Wednesday, January 4, 2012

Dryad

In terms of following their mythological archetypes, dryads work very well.  But they’re so defined by what they can’t do (move) and how they compensate (charm person) that it can be hard to imagine them as anything but seductresses.

Proud and hot-tempered, the dryad Astrina has always resented her race’s reliance on seduction and stealth.  Inspired by her first love—a cosmopolitan dandy whose father made him take fencing lessons—Astrina overcame the usual fey objections to steel in order to learn the rudiments of swordplay.  Now an expert duelist after years of practice, she continues to encourage talented men to match blades with her under her oak (though she tree strides away if their attentions stray from martial to marital).  Clad in the finest linens, she appears to be the rebellious daughter of a local lordling, and only her dueling pseudonym, “Thorn,” betrays any hint of her true nature.

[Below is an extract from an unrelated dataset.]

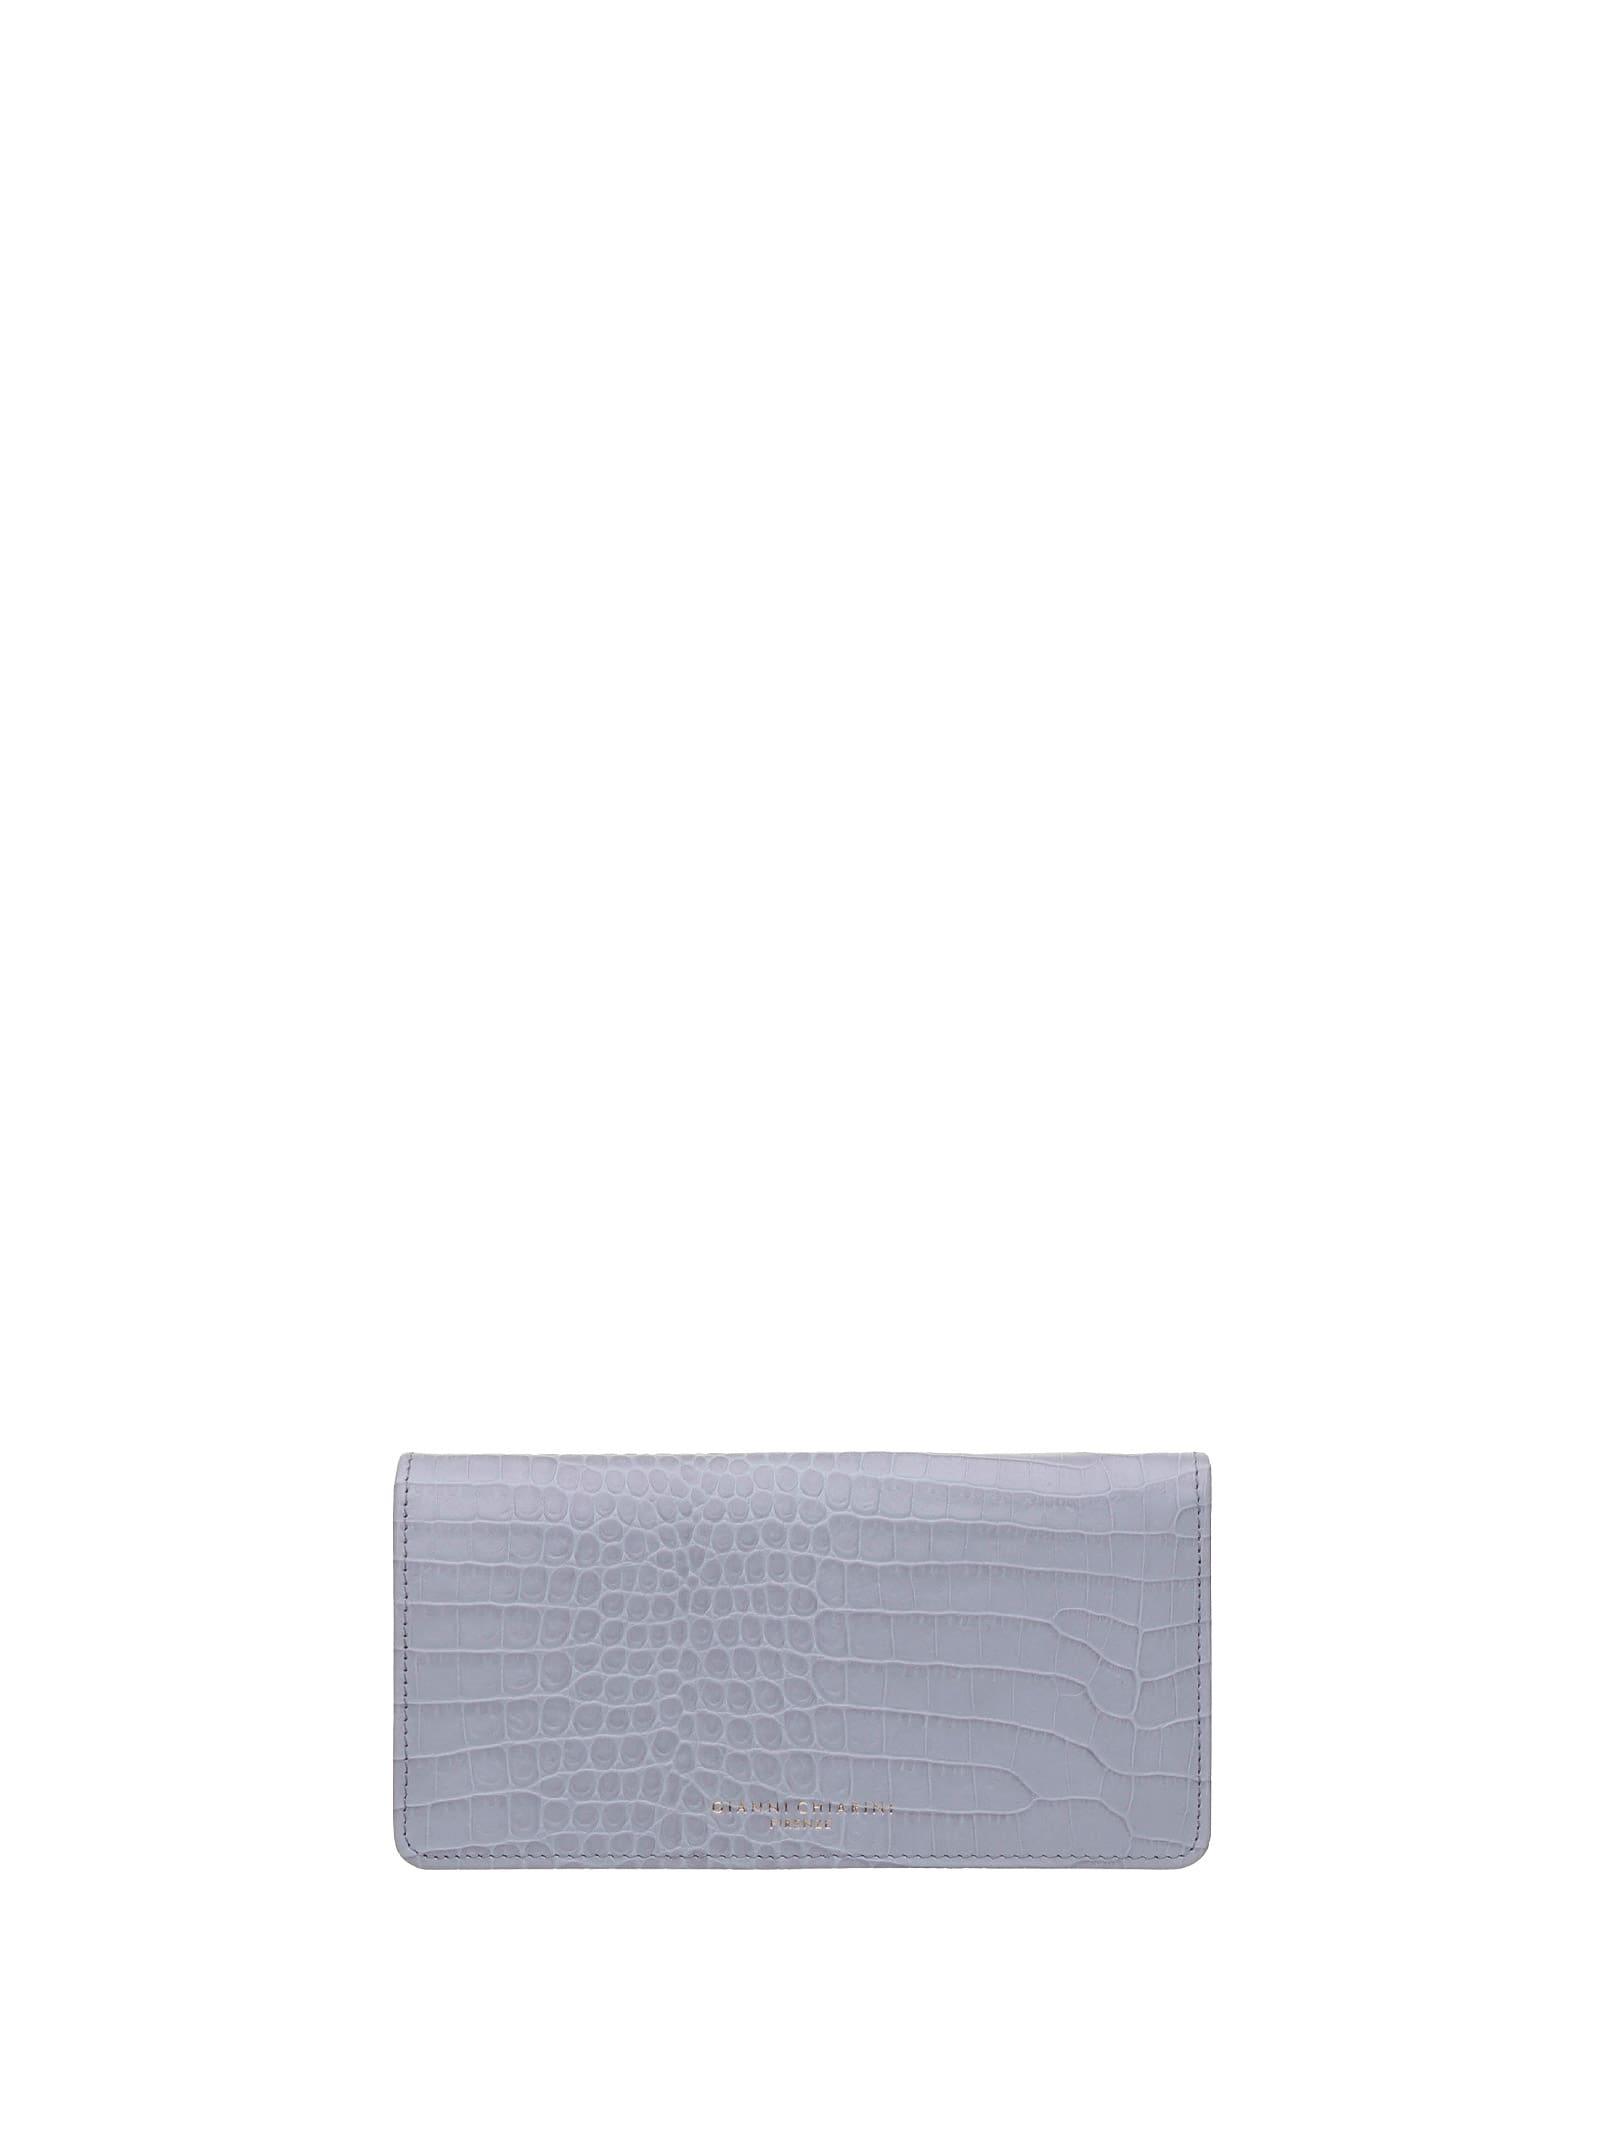 Gianni Chiarini Cocco-print Wallet In Polvere

Nearly hewn in two while defending his forest from rampaging orcs, the old treant Halorrum lay in a healing sleep for so long that an acorn took root in his open wound.  The resulting seedling sprouted a dryad, even after its bark merged with Halorrum’s recovering form.  The treant awoke to find a dryad bonded to him.  He appreciates the company, even if she does chatter on, and she the wisdom and mobility Halorrum offers her that no ordinary oak could match.

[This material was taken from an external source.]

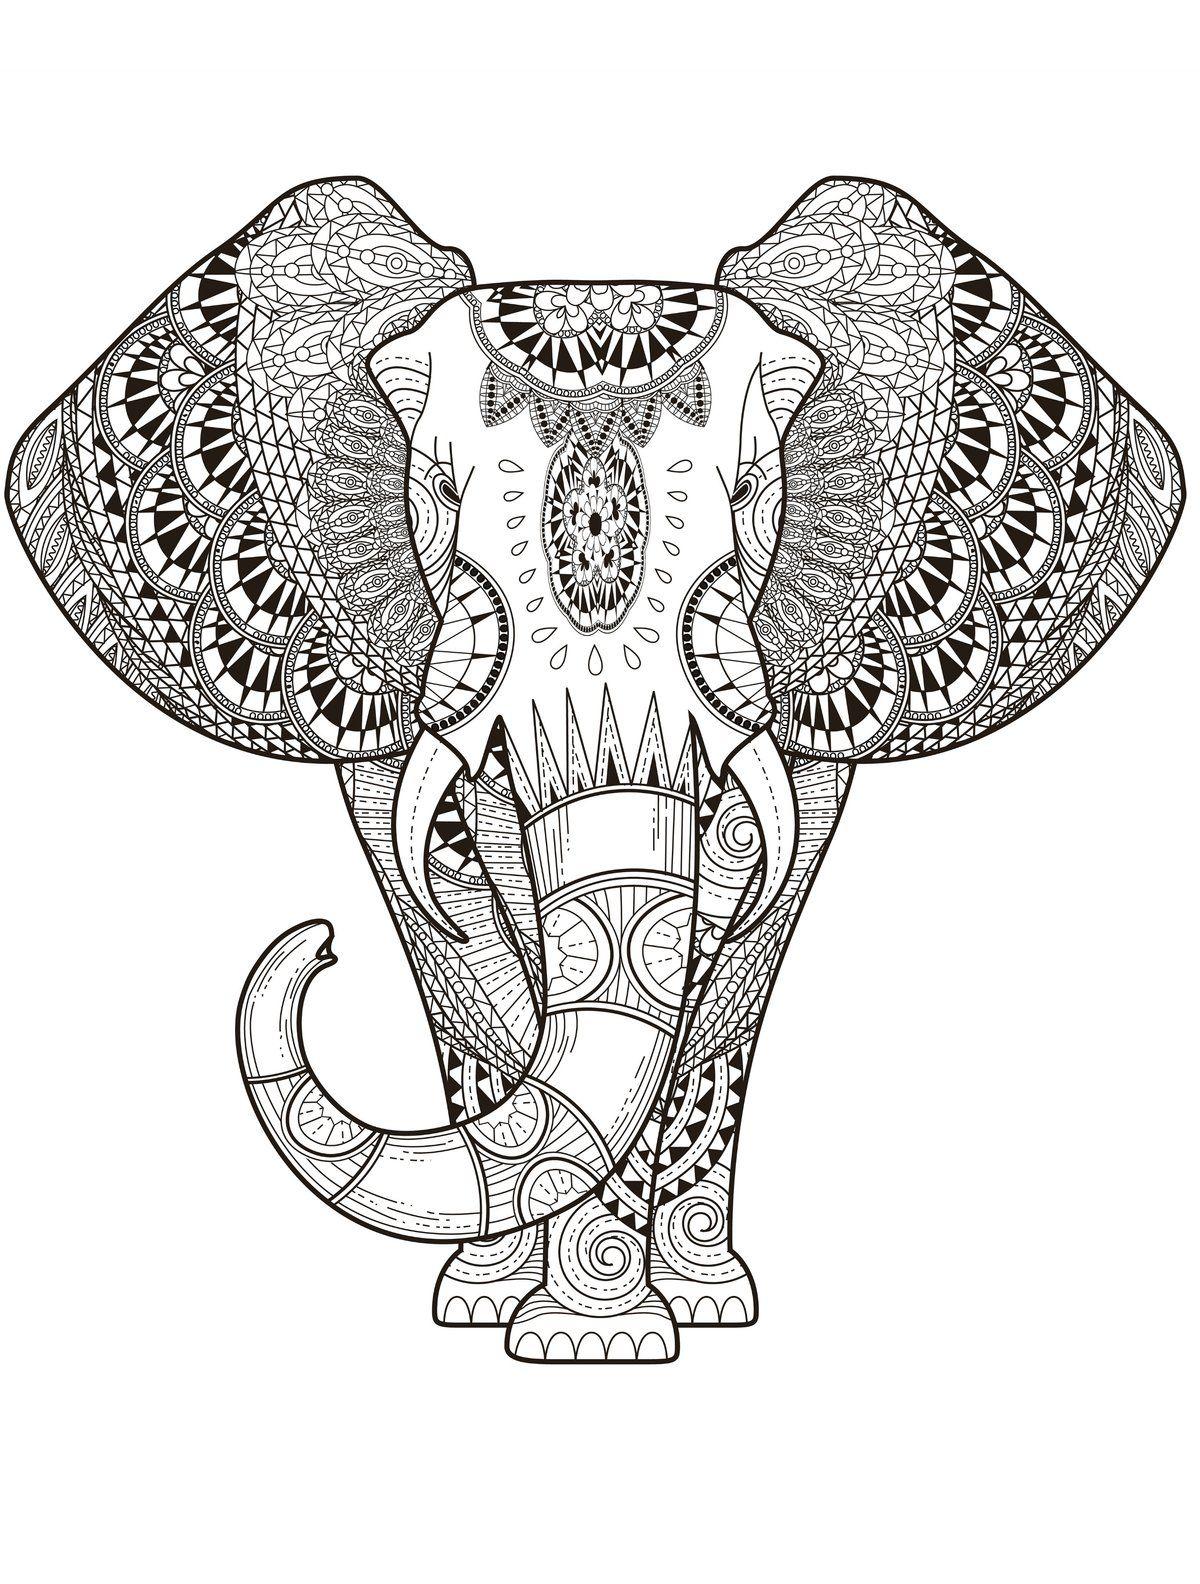 Raskraska Antistress Slon 색칠책 젠탱글 패턴 패턴

The female elves of Shalorn are actually not elves at all, but dryads.  Complex rituals similar to those for calling a familiar allow the Shalorn dryads to bond with staffs, spear hafts, or clubs made from living wood.  This allows the Shalorn dryads to travel alongside their adventurous elven brothers, and many become powerful druids and rangers in their own right.

Pathfinder Bestiary 116

Honestly, there’s no reason why dryads couldn’t make a perfectly good player character, once you removed their tree dependency.  (This has already been done in John Nephew’s absolutely fantastic PC1 Tall Tales of the Wee Folk and at least one Dragon Magazine article.)  You can easily imagine a variation of their tree-bonding ceremony where they separate from their oaks at the cost of their at-will spell-like abilities.  (In game terms, this keeps entangle and tree shape from becoming unbalancing; in story terms, a dryad no longer able to shape even a simple block of wood could be a heartbreaking image.)

Speaking of dryads, Wye Oak’s latest album was named the Onion A.V. Club’s top pick of the year. I know, awesome, right?